Das "Niederbayerische Zimbal"

Das Hackbrett erfährt in Niederbayern eine interessante Weiterentwicklung.
Das chromatische Hackbrett, wie es Tobi Reiser in Zusammenarbeit mit Heinrich Bandzauner um 1930 im salzburgischen ausgedacht und gebaut hat, ist inzwischen im gesamten bayerischen Sprachraum zu einem beliebten, in manchen Gegenden bereits zu einem volksmusikalischen Gebrauchsgegenstand geworden. In der Stubnmusi ist das Hackbrett melodieführend zu hören. Der gebürtige Passauer Egon Loy, stellte 1982 Überlegungen an, wie er diesem Hackbrett wieder mehr zur ursprünglichen Funktion verhelfen könnte, ohne die Vorteile als chromatisches Instrument zu verlieren.

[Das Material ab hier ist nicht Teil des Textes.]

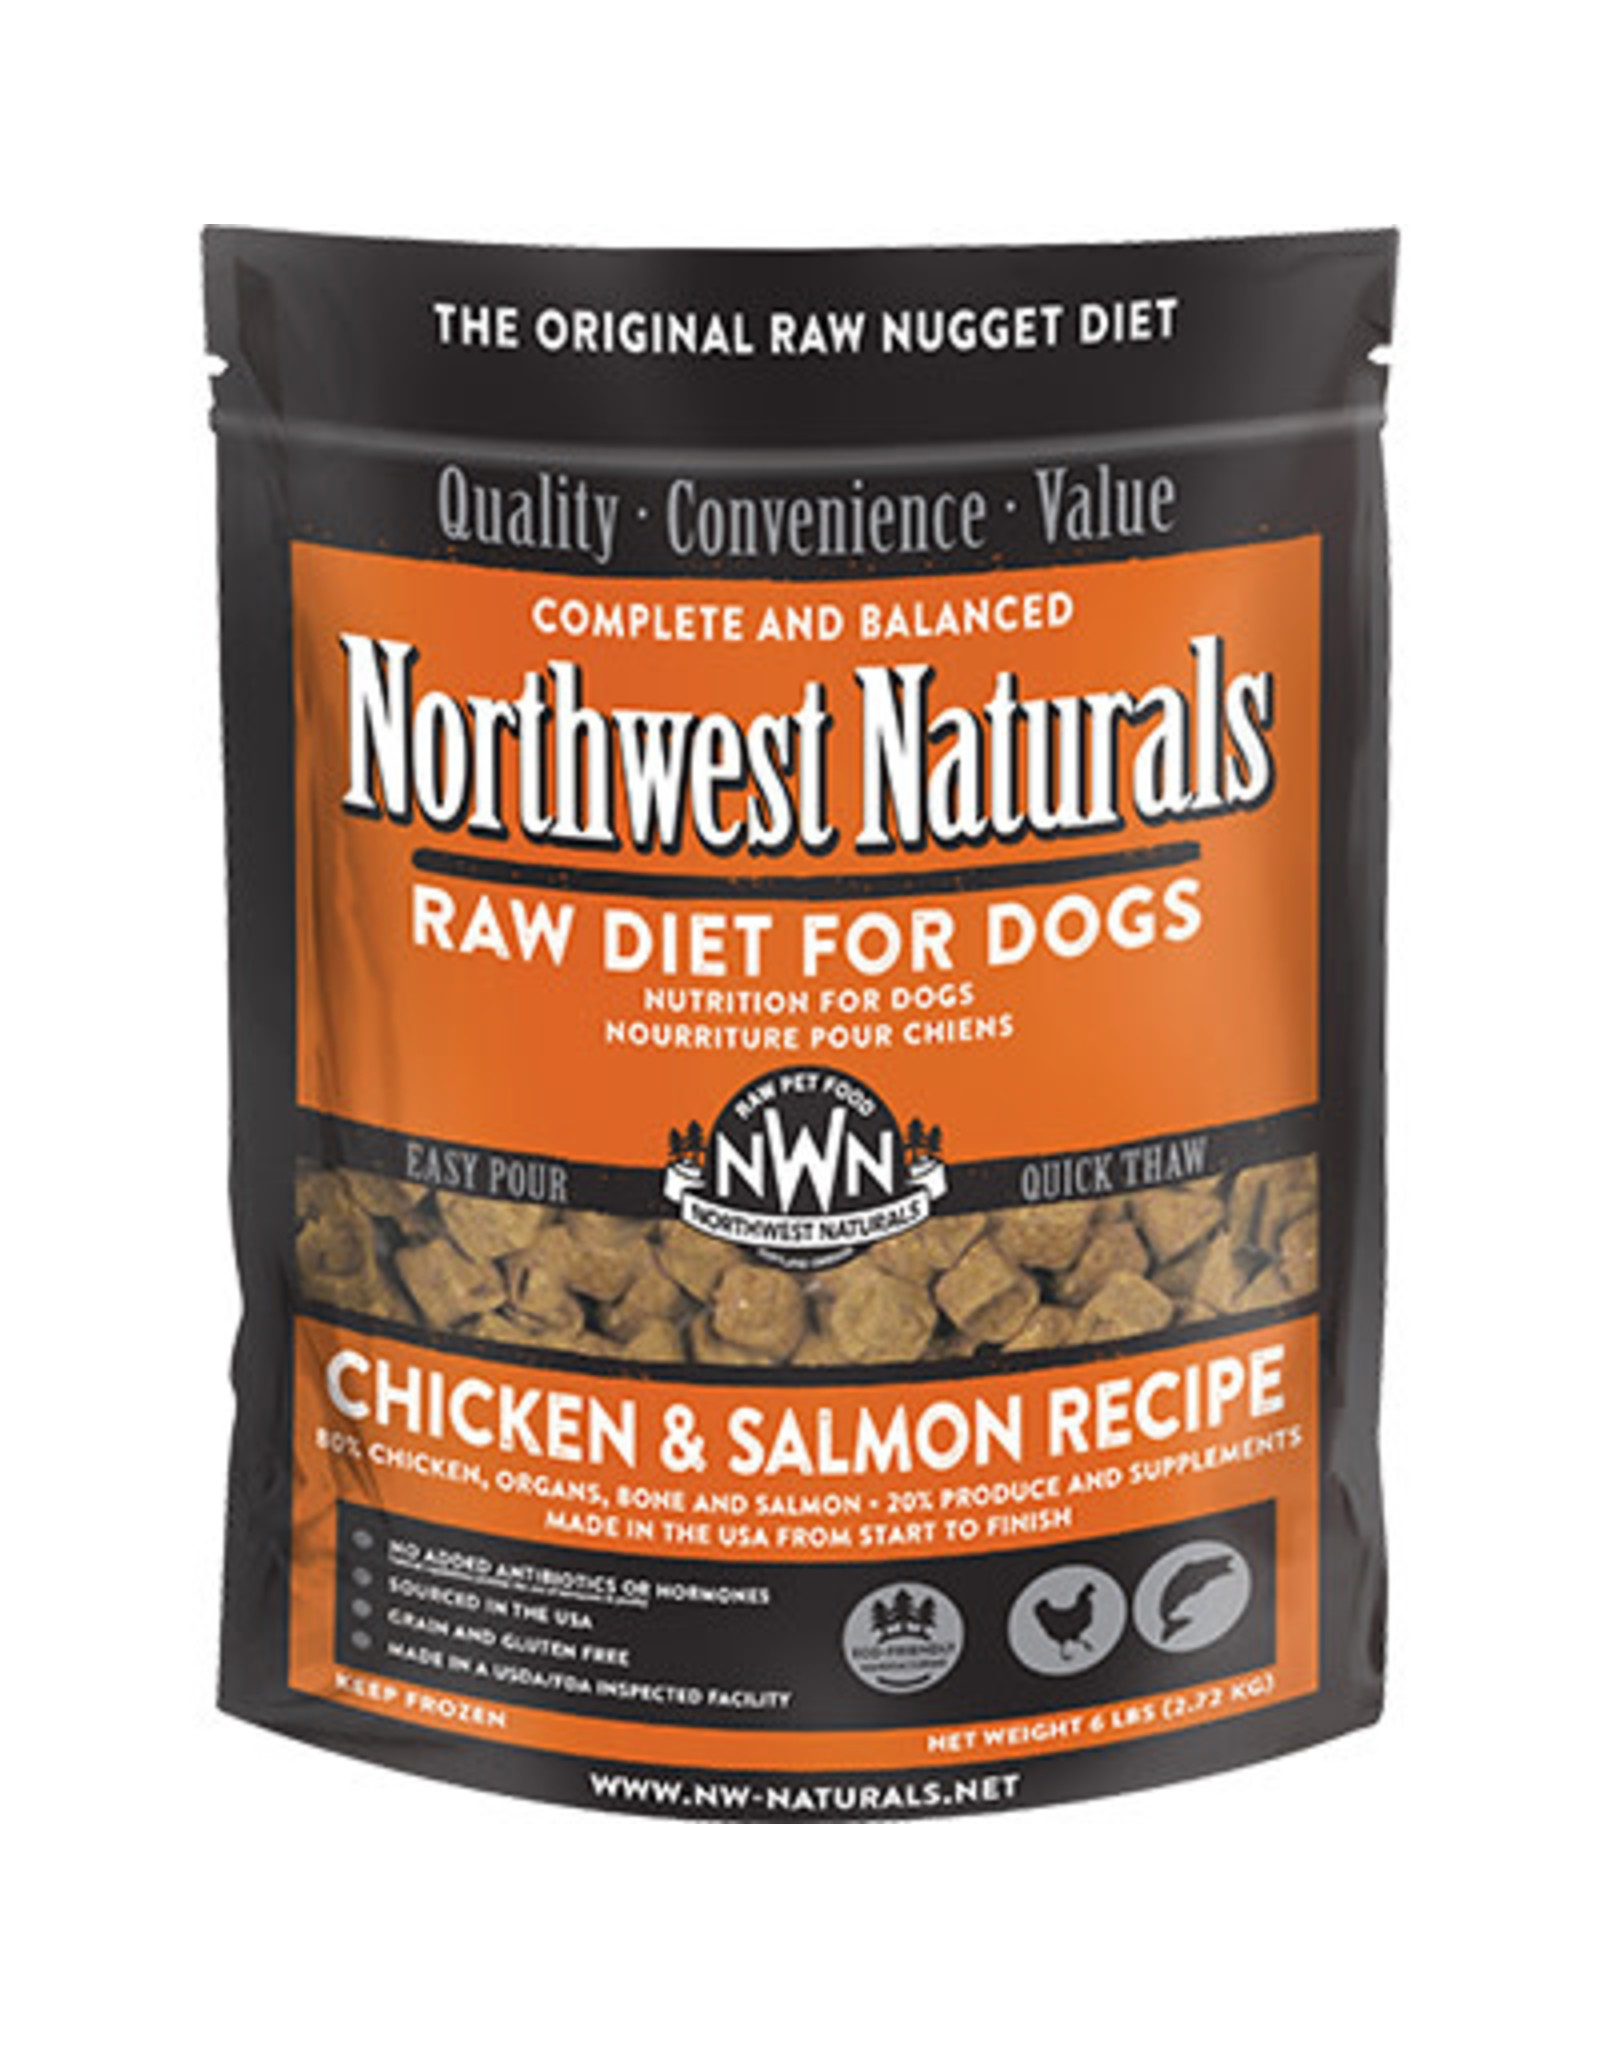 Northwest Naturals Northwest Naturals Raw Diet for Dogs Freeze Dried Nuggets Chicken & Salmon Recipe 12oz
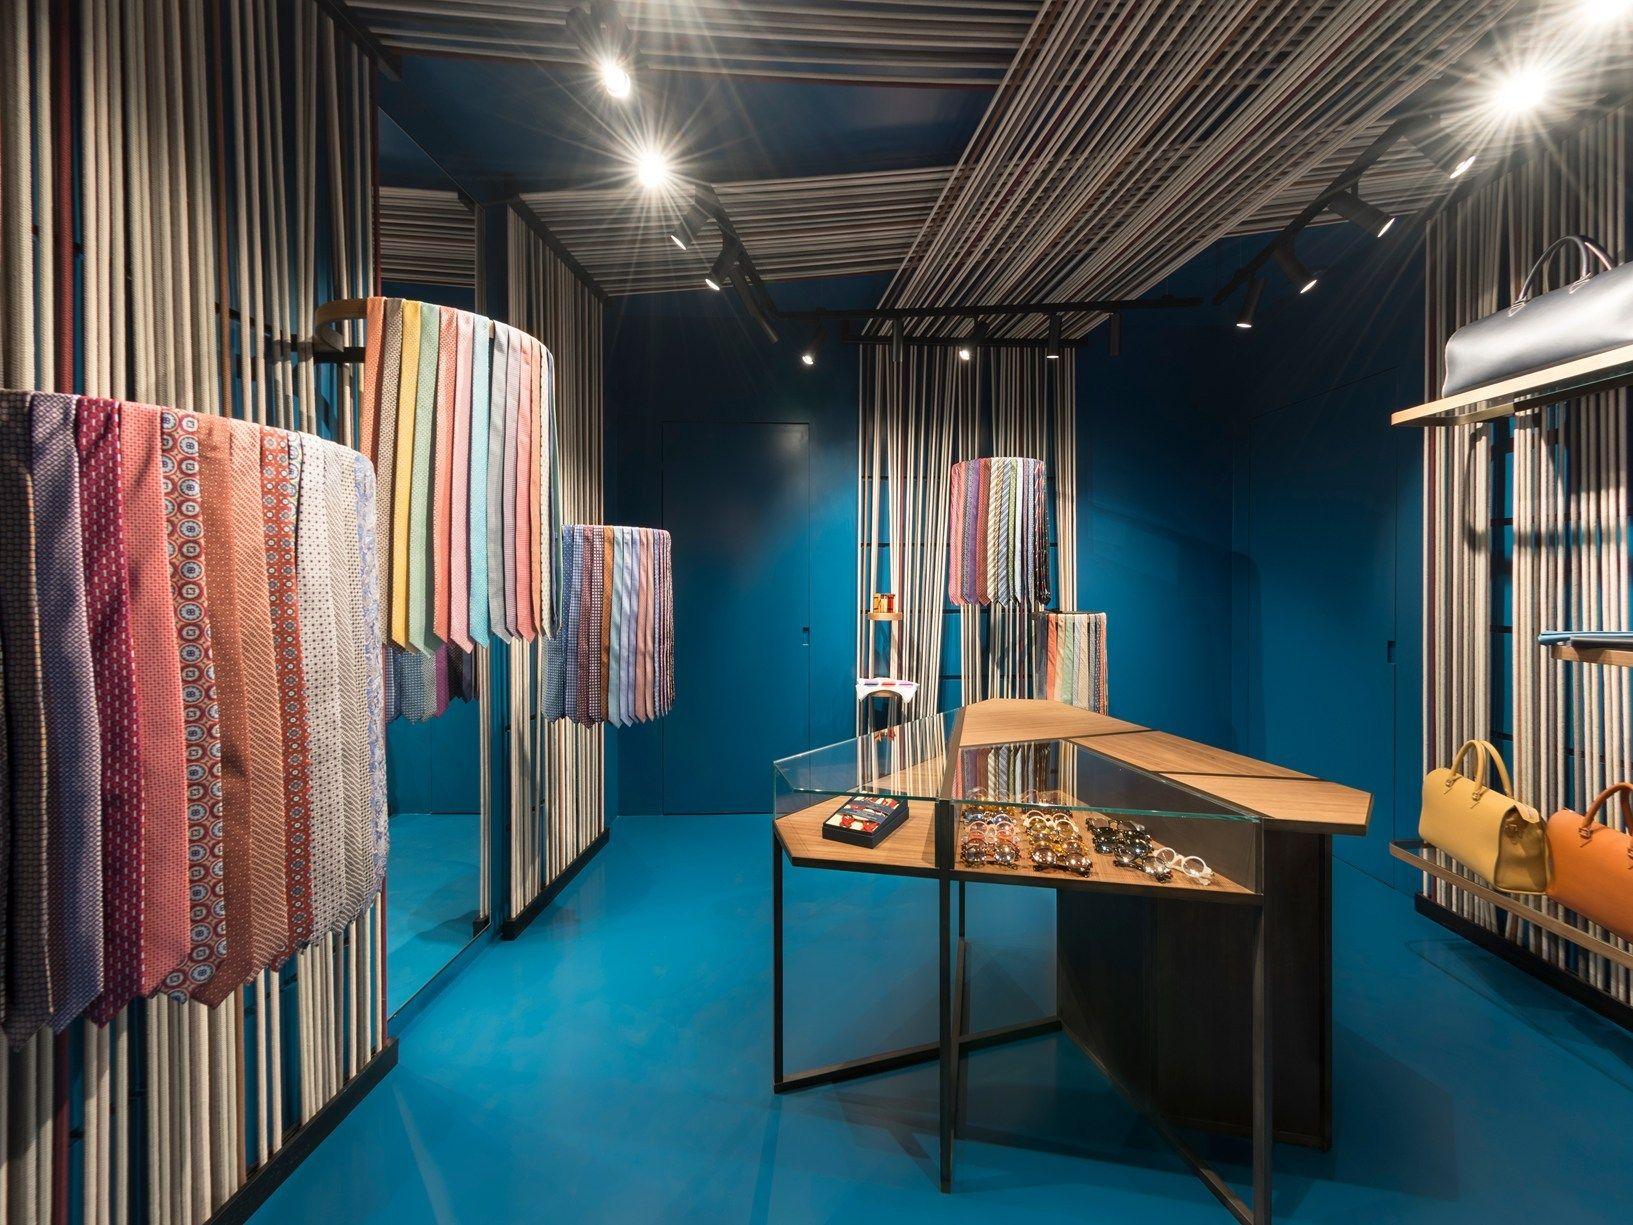 Arredamento Bianco E Corda : Masel pareti color ottanio e corde multicolor

Um 1870 hatte der Ungar Josef Schunda aus Budapest durch eine Weiterentwicklung des großen steirischen diatonischen Hackbretts, damals bei uns auch "Zimbal" genannt, das Pedal Cimbalom entwickelt - ein Konzertinstrument mit Dämpftechnik, heute ca. 100 kg Gewicht. In der bairischen Volksmusik fand dieses große Zimbal natürlich keine Verwendung, hier muß es unkompliziert und leicht transportabel sein. Zur ungarischen konzertanten Volksmusik steht es, ähnlich wie bei uns das Klavier bereit und wer es einmal in Zusammenhang mit den Geigen erlebt hat, den kann es faszinieren, mit einem vollen runden Ton erklingt. Ähnlich das neuentwickelte "Niederbayerische Zimbal", das den gleichen Tonumfang aufweist wie das ungarische Cimbalom, jedoch in chromatischer Saitenanordnung:
8 Saiten sind vertikal, 2-chörig angebracht, 7 Horizontalsaiten, 3-chörig und alle anderen 4-chörig.
Die Lautstärke entspricht ungefähr der 3/4ten Klavierstärke. Das Gewicht ist nur 30 kg. Der erweiterte Tonraum und die Klangregistermöglichkeiten sind für den Einsatz in der klassischen Musik außerdem sehr vorteilhaft.